Sus frutos requieren ser paladeados con una serenidad, una calma ajenas a estos tiempos fragmentarios y veloces. De ahí, que algunos optimistas se atrevan a proclamar que su vigencia es hoy más necesaria, y visible, que nunca, por cuanto quienes aún son capaces de recelar de la atracción fugaz, a través de un cierto recogimiento estético, pueden lograr aproximarse, a través de sus sonidos, al auténtico poder de lo bello, a veces sublime. Alcanzar las altas cimas brucknerianas requiere pasos de peregrino, por eso me resultó esperanzador que en estas sesiones del pasado fin de semana, en las que la Orquesta Nacional interpretó la maravillosa «Octava» del músico austriaco, acaso su mayor creación, se apreciara una estimulante presencia de público joven.

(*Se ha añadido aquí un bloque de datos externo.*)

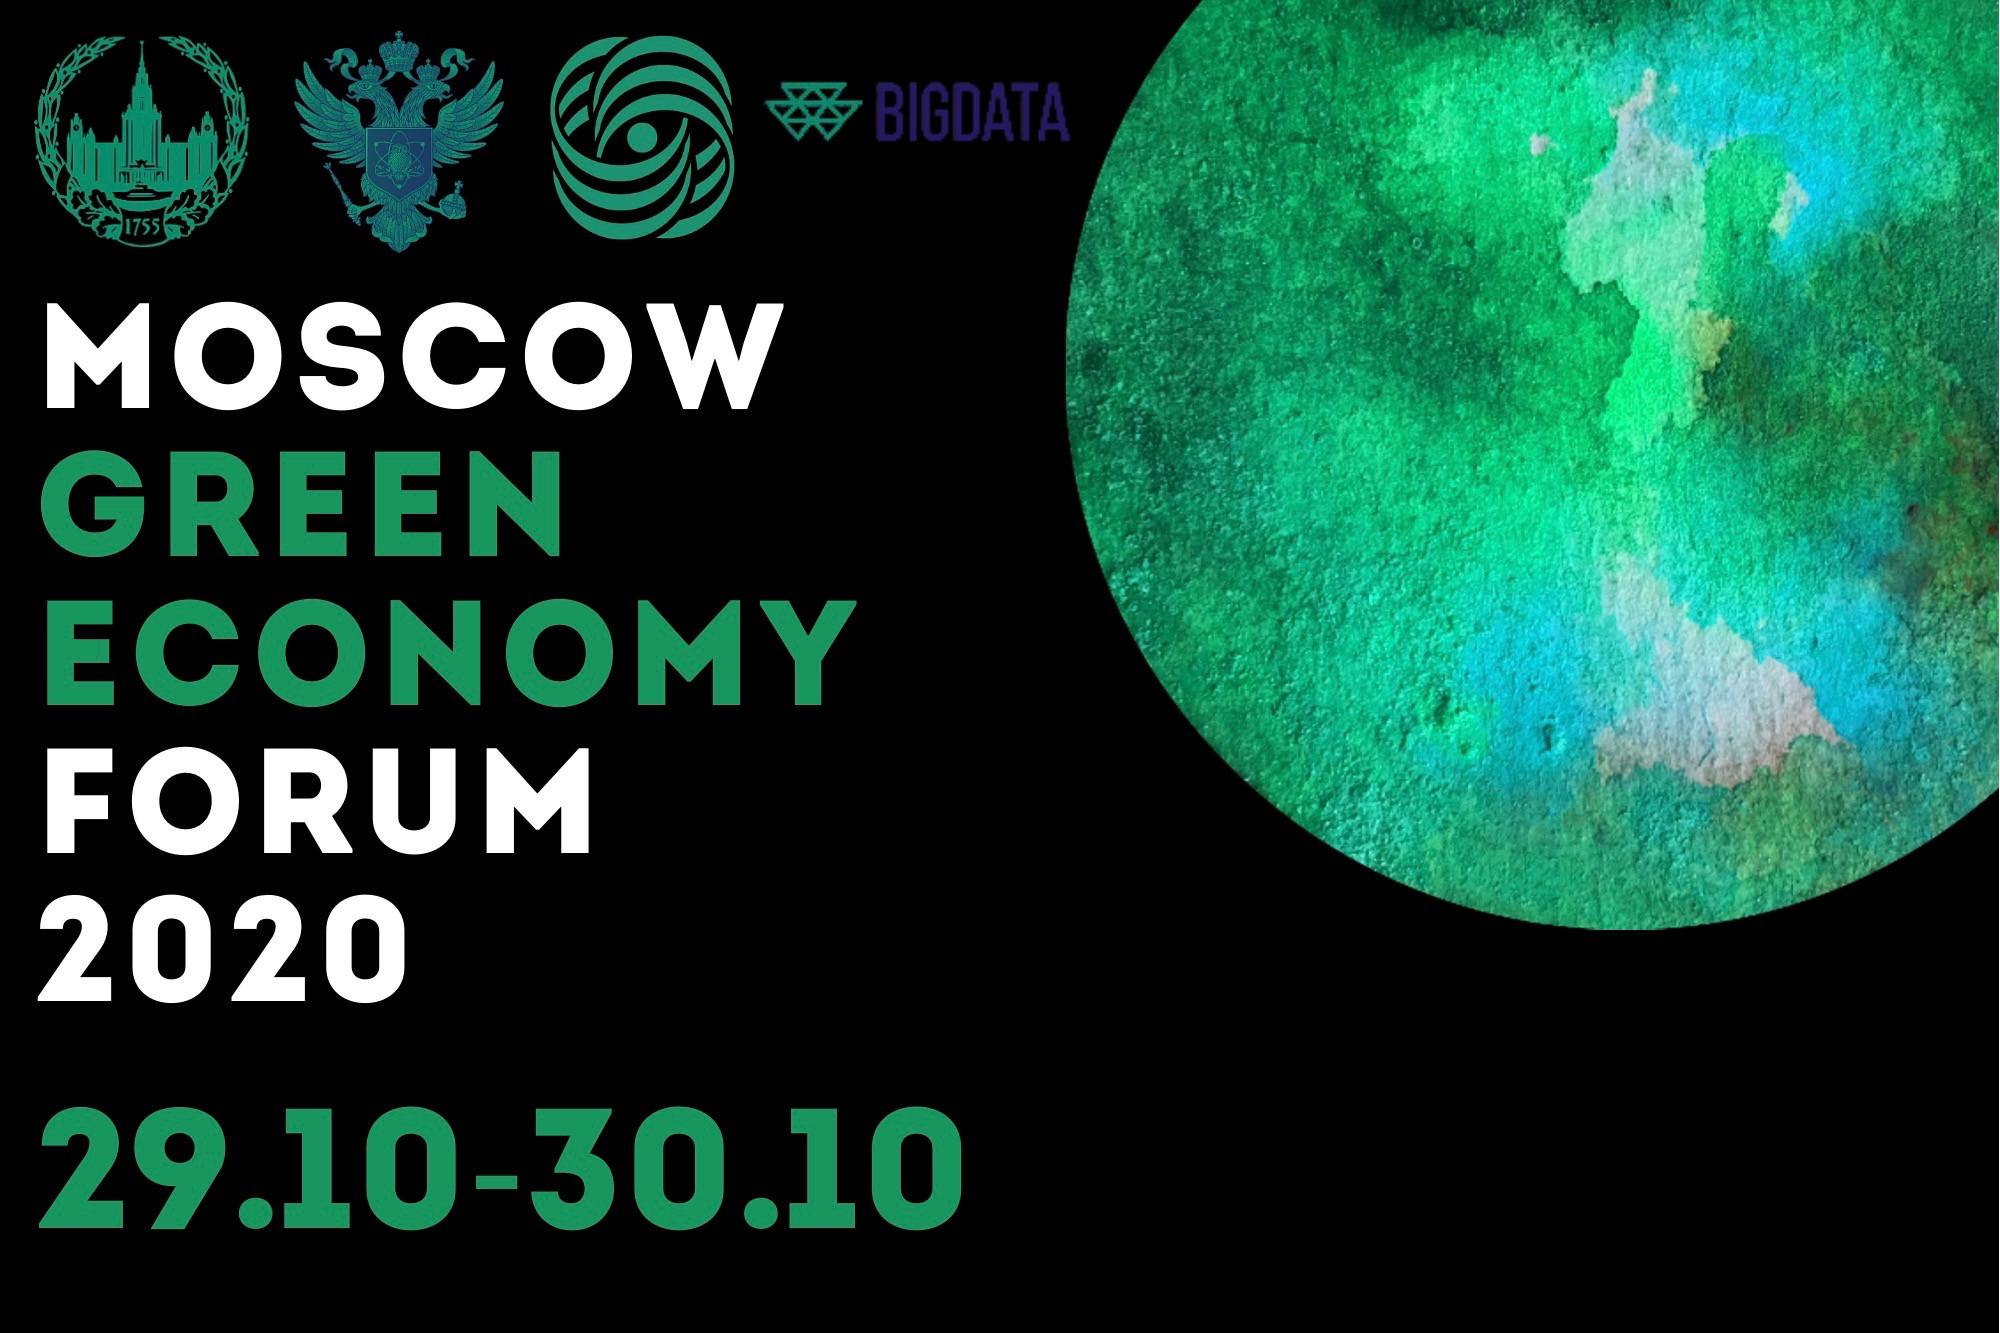 Moscow green economy forum 2020. МГУ. Центр компетенций НТИ по большим данным. НЦЦЭ МГУ

Un creador que ha inspirado a los músicos de cine
Sin perder el hilo, intenté escudriñar algunas de sus reacciones a lo que estaban escuchando, entre los más próximos a mi butaca, y no me resultó extraño atisbar algunos rostros de satisfacción, por ejemplo, justo cuando estalla la fanfarria, casi al inicio del cuarto movimiento, esa enfebrecida cabalgata que refleja el encuentro entre los cosacos de Rusia y el emperador austro-húngaro. Seguramente, aquel instante ofrecía para algunos de estos jóvenes asistentes reminiscencias de otras marchas imperiales… En Bruckner, ya se sabe, los autores de músicas cinematográficas supieron hallar un filón, como antes el propio compositor había hecho, quizá, con Gabrieli (no solo de Wagner se alimentó este creador, sin duda más próximo a Schubert en su proceder: la «Grande» de este último parece un esbozo de lo que su coterráneo habría de desarrollar en el curso de su propio trabajo).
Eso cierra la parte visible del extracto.